Marie Maltais (08:19): Okay. So when you launch the app, you see a globe, it comes out of a jet of water, which is quite fascinating with sound effects and music, and you get a globe that spins, and the globe eventually slows down and you can actually make it a bit larger, and there's little markers all over the globe that are trouble spots in the world where water is an issue. So you click on one of these markers and it takes you to a photograph, an image, and a card with some text, and then there's a link, if you want to explore more, you can explore more through other sources. So that's the basis of it, that's the standard version. There's an augmented reality version where you point your phone at the floor, and actually this waterfall, this water jet and globe come into your living room and you can manage it that way through touching it in this augmented reality sense. So the one version is on your phone, the other one is actually in the space that you're occupying.

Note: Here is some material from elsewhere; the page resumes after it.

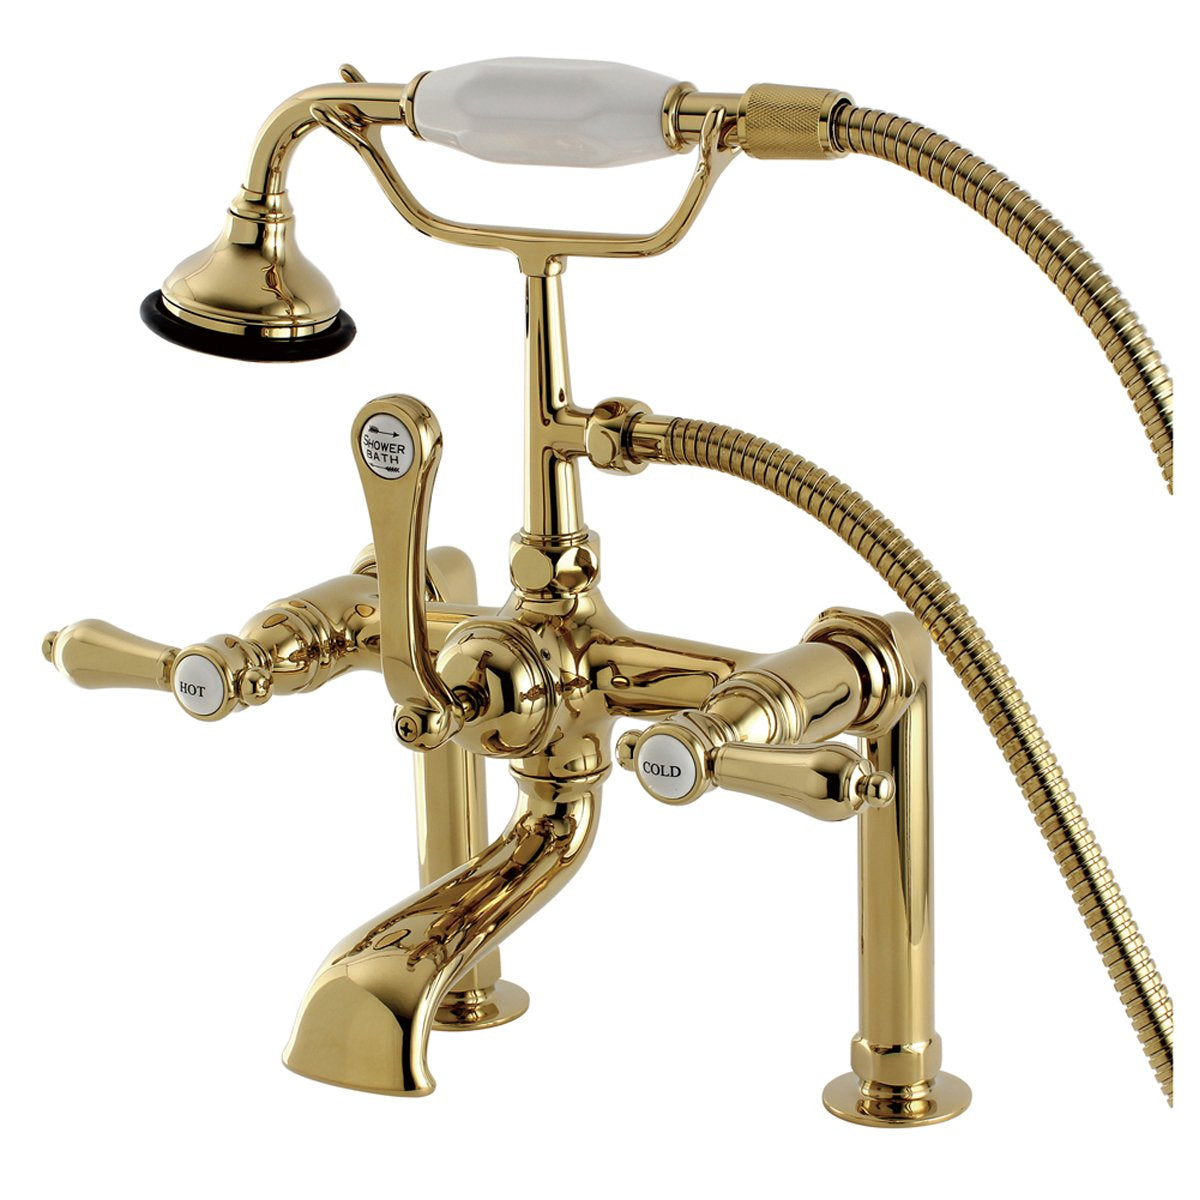 Kingston Brass Aqua Eden AE103T2BAL Bel Air Deck Mount Clawfoot Tub Faucet in Polished Brass-Tub Faucets-Free Shipping-Directsinks.

Pam Ferris-Olson (09:33): So do you know of plans to use the data from the app for artistic or scientific projects?
Marie Maltais (09:40): I'm not sure yet. I don't know if there's any plans out there of people, I'm not planning to do anything more beyond what we've done with this in terms of developing an art project from this, but I'm hoping there are people who do.
Pam Ferris-Olson (09:59): Okay. So, how do you view the app? Is it a form of art?
Marie Maltais (10:04): It's a hybrid, I would say. We invited Colonel Chris Hadfield to the art center in 2015, and he gave a great presentation, in it he said, "science is how we understand things, engineering is how we make things work, but when we want to communicate, we use art." And I think that is the underpinning of this. I wouldn't call it an art project per se, I think it's a hybrid of all these different things.
Pam Ferris-Olson (10:42): So what new ways do you see for artists to engage with audiences?
Marie Maltais (10:48): Oh, I think technology has opened up a huge platform for exploration, I don't think we've even scratched the surface yet of how technology, how sound, how visuals, how all these things can be manipulated, there's a lot of artists working right now with various technologies, with video, with all kinds of different approaches, as well as traditional art making media.
Pam Ferris-Olson (11:18): Right. So, do you think that this technology makes it increasingly possible for the audiences to be interactively engaged with art, that they will be less interested in engaging in art that isn't presented in a technological way?
Marie Maltais (11:34): I don't think so. I think as humans, we respond on a visceral level to art. It's essential experience, whether you see a painting or a sculpture, or whether you see a virtual reality environment, I think the technological platforms help, it makes it easy, it's on our phone, we have these phones with us all the time. So I think that makes it somewhat accessible, you don't have to go to an art gallery, but I think with social media and our online world, especially after COVID, I think, we are more attuned to using technology to further our communication, to further our creative processes.
Pam Ferris-Olson (12:25): Okay. So, what challenges do you think that artists face in engaging audiences in the conversation about the environment?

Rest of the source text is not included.